This is one of my favorite times of the year, when the days wind down, and we reflect.
Poet, Holly Wren Spaulding, is counting down some of her favorite moments of 2017 on Instagram.
Contemplative photographer, Kim Manley Ort, has chosen her favorite images, 12 for 2017.
The creative community of women at Hello There, Friend shared their manifesto, as a means of helping us to step away from the many voices shouting at us about resolutions and achievements and plans for success and set our own course.
I thought I might join in by selecting some of my favorite photographs from the year . . . and then I could not. It’s hard for me to choose favorite pictures because my favorite is always the one I’ve just taken, or more likely, the one I am just about to take. When I look back over the pictures for the year, I recall for each picture . . . not only where I was, but how I felt. I am transported to moments where time seemed to stand still, moments of natural beauty, crushing insecurity, deep peace, heart-racing anxiety, and lasting connection.
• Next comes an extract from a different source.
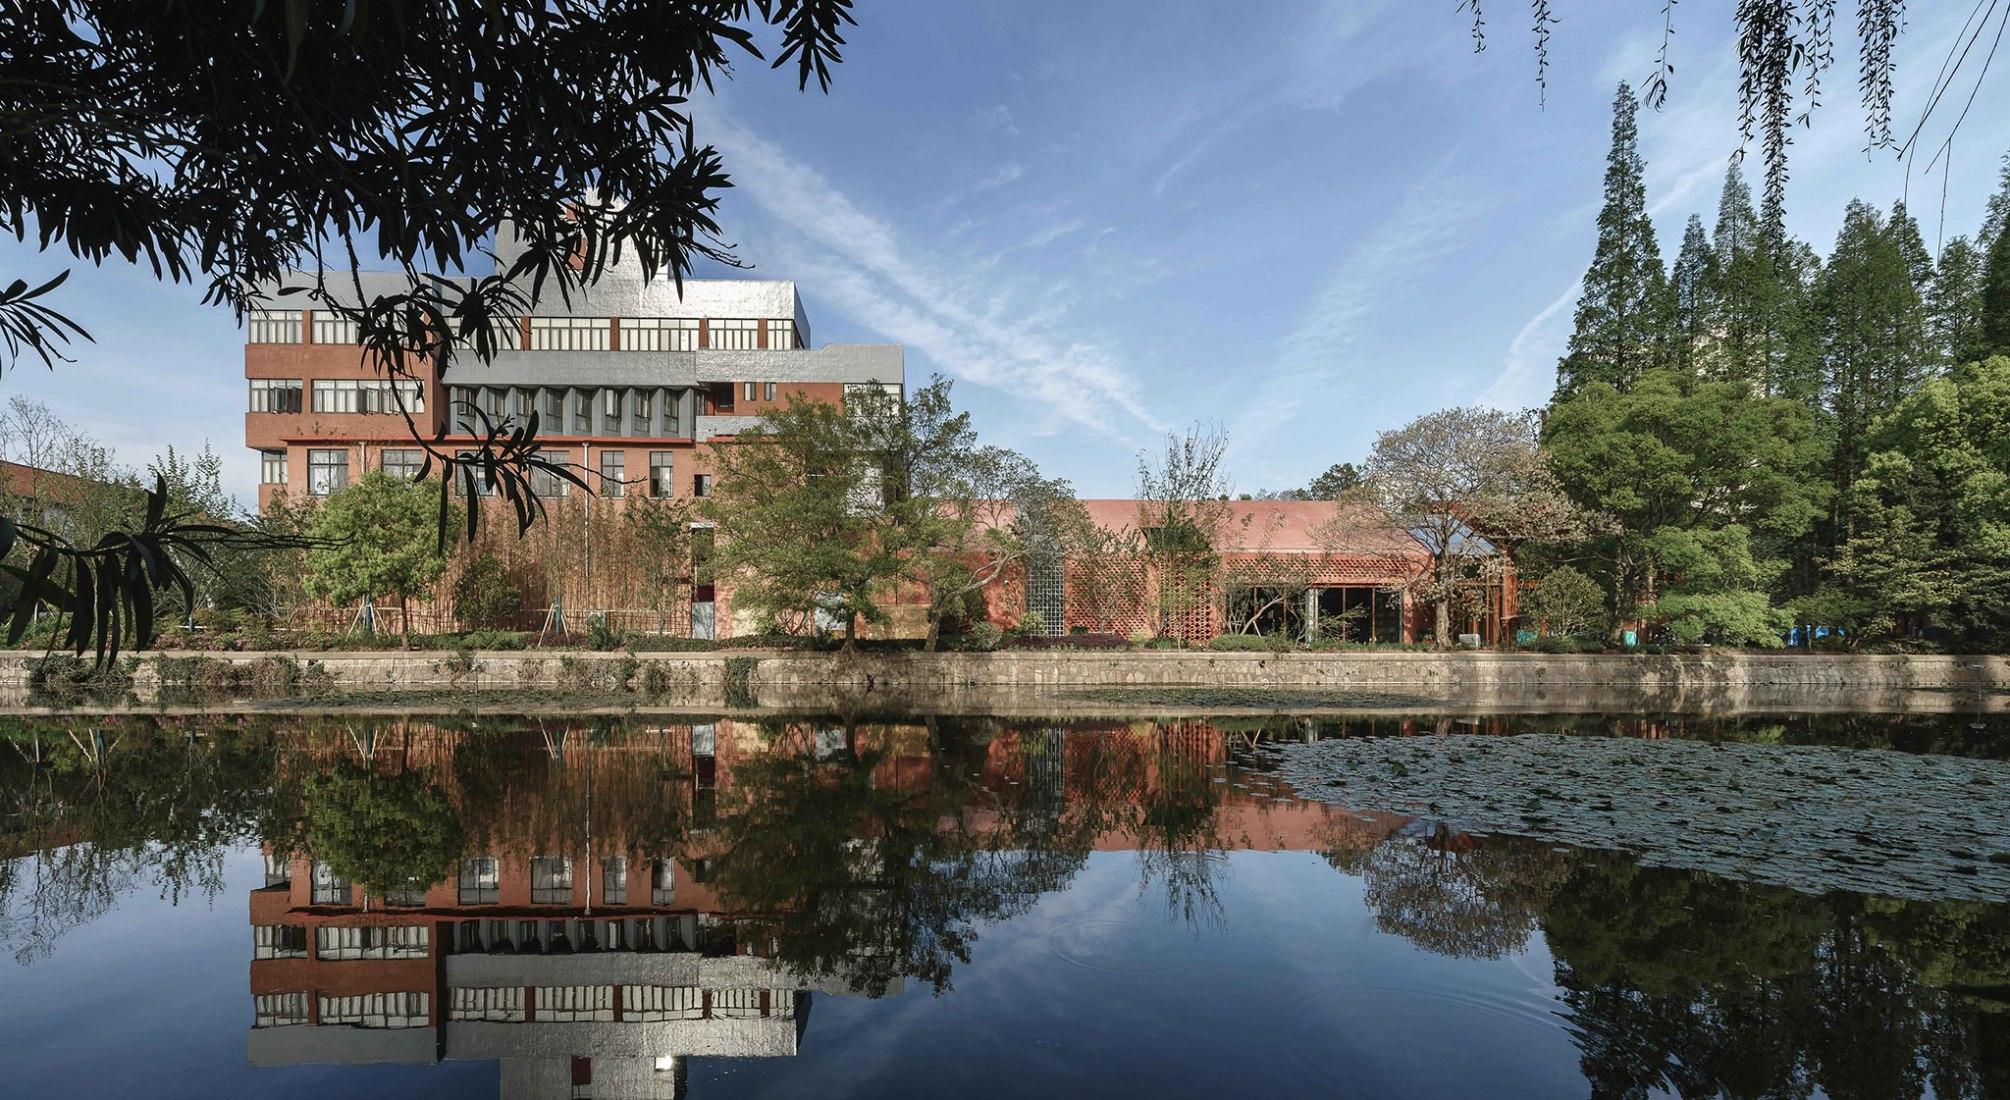 Liva Riverside Book Bar por Lacime Architects. Fotografía por Qianxi Zhang.

My photographs feel like my children. They are all my favorites. All held close with abiding affection.
Still it’s worth consideration – this giving weight and value to what we make and do. It’s not a ranking or a score or a blue ribbon that’s needed, but rather a reckoning.
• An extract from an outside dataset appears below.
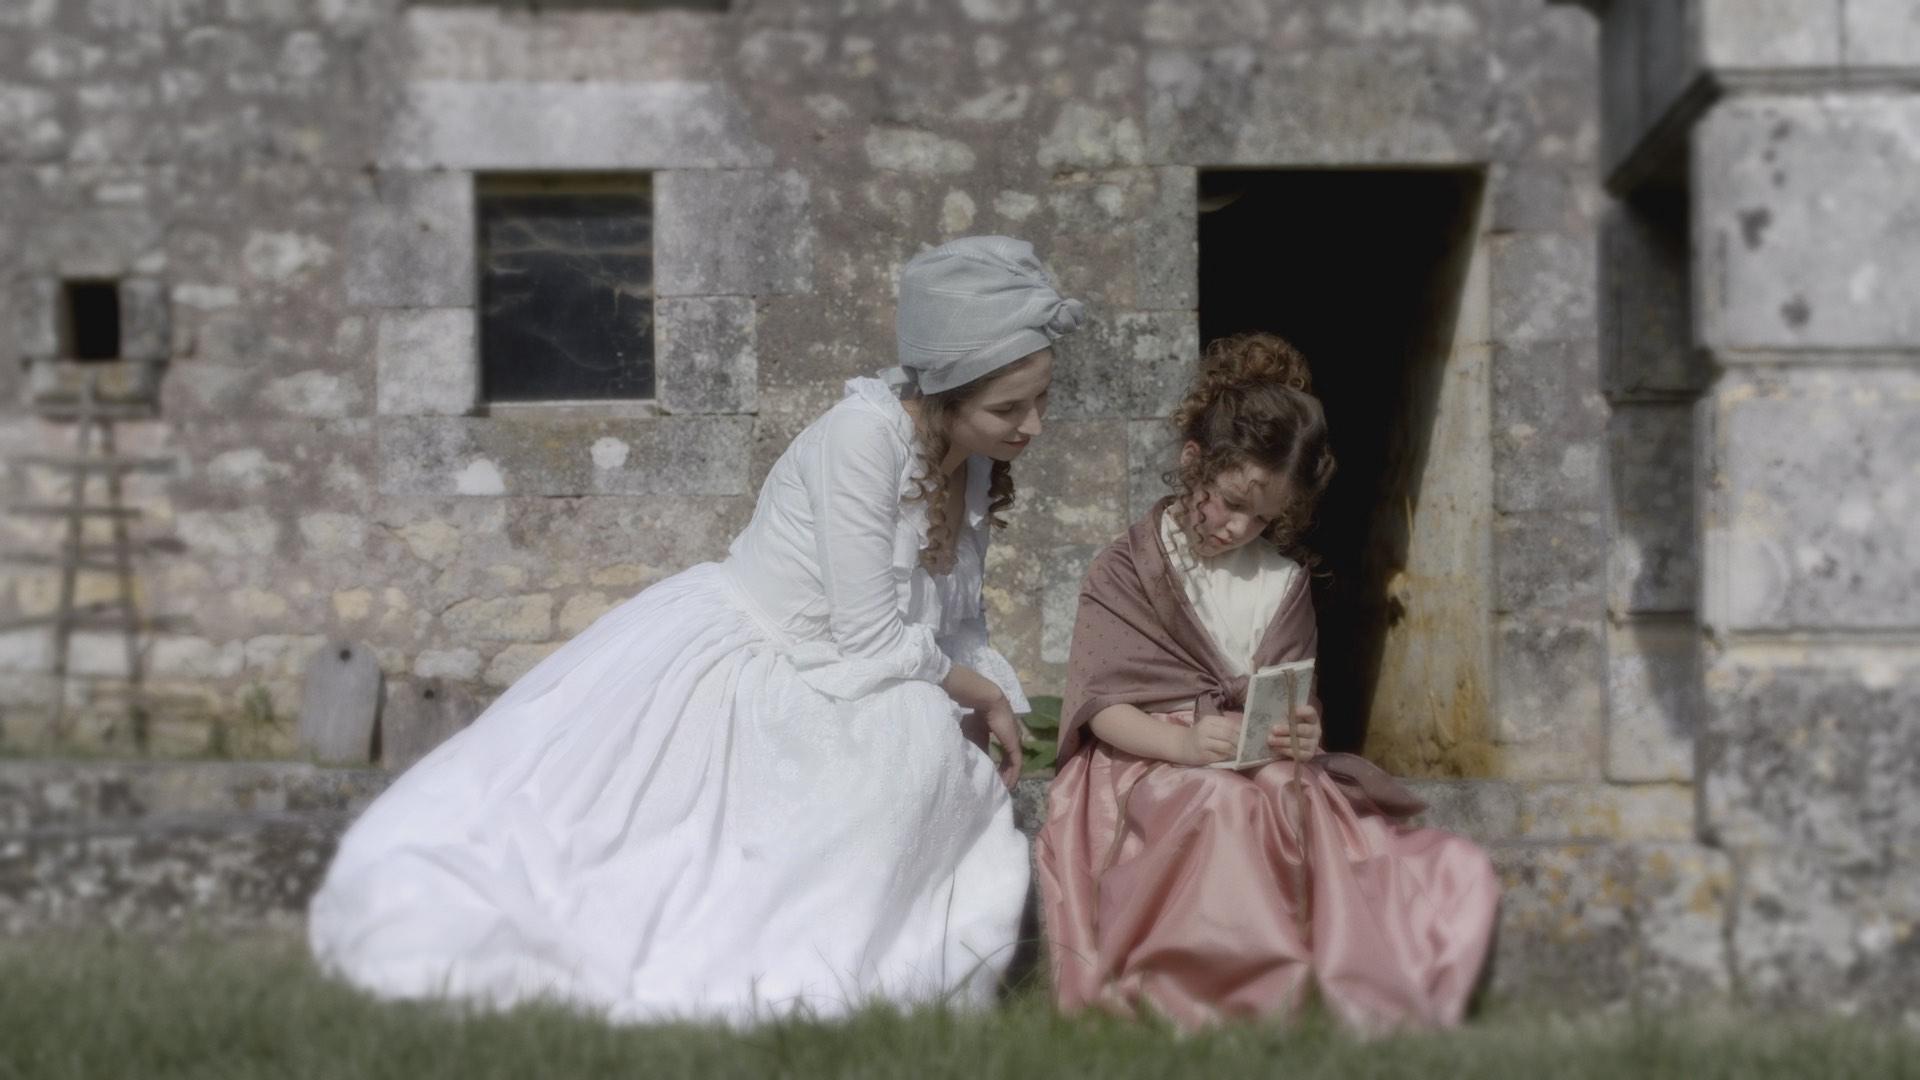 The fabulous destiny of Louise Elizabeth Vigée-Lebrun

Just this week, I met with fellow photographer Fritzi Newton. Even though we live in the same community, we became friends by way Instagram. Through our pictures, we could see that we share common interests and often travel the same paths. Fritzi invited me to join her for tea downtown and we didn’t stop talking for the entire two-hour visit. I’ve longed for a friend to share this photography passion with, and it felt as though the dam broke as I unleashed the stored questions and ponderings of my heart to her.
Fritzi shared her philosophy of photography with me. She seeks beauty in everything and the camera helps her to see everything as beautiful. When she talks about making portraits of women, she acknowledges that women are sometimes concerned about perceived flaws. She aims to make pictures that help them see their beauty – from the inside out. She has a way of making people feel comfortable and accepted, and this is her gift. She snapped a few candid pictures of me, and they make me so happy, because I look on the outside just as I feel on the inside. I don’t look self-conscious or anxious or uncomfortable. I look joyful, and maybe I needed to be reminded of this.
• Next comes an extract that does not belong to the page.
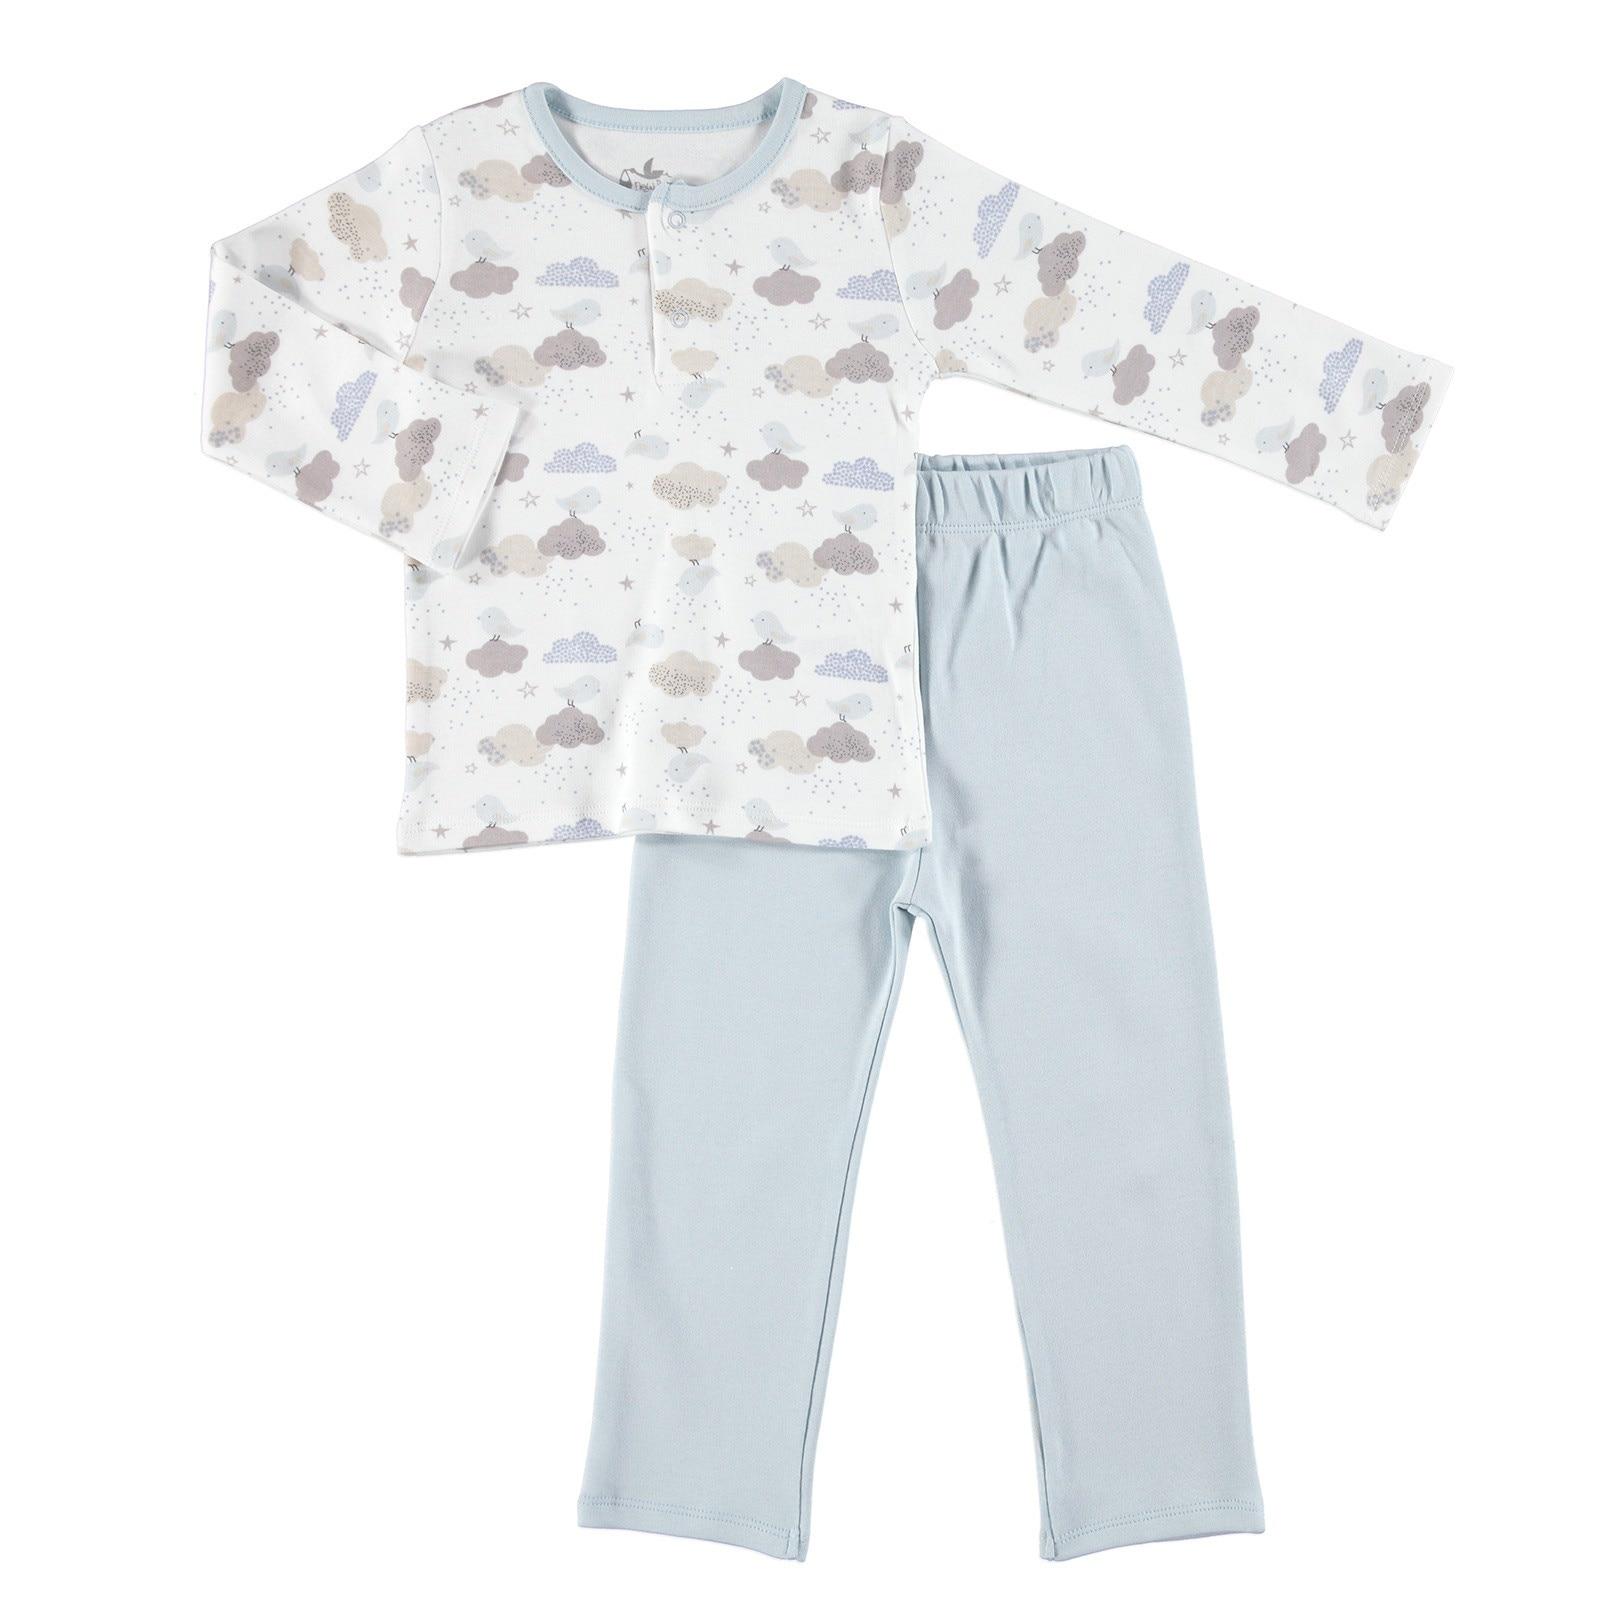 Ebebek Newborn Fashion Club Fun Winter Baby Sweatshirt Footless Pants

When I think of my own philosophy of photography, I would say that I am most drawn to subjects that are both beautiful and broken. My friend Joni gave me a bag of treasures for Christmas and the most precious offering was this pottery bowl she made back in 1981. I don’t know much about the criteria for successful pottery, but I’m pretty sure this bowl didn’t meet any of them. It’s a bit lopsided. The colorful glaze coats the inside but drips along the outer edge. The bottom looks to be burnt. And still, I love it. There is something about the imperfection . . . her devotion to keep the bowl despite its flaws . . . her understanding that the bowl would mean something to me . . .
Surely, my favorites are those that are both beautiful and broken.
And those are easy images to see and make, because they are everywhere.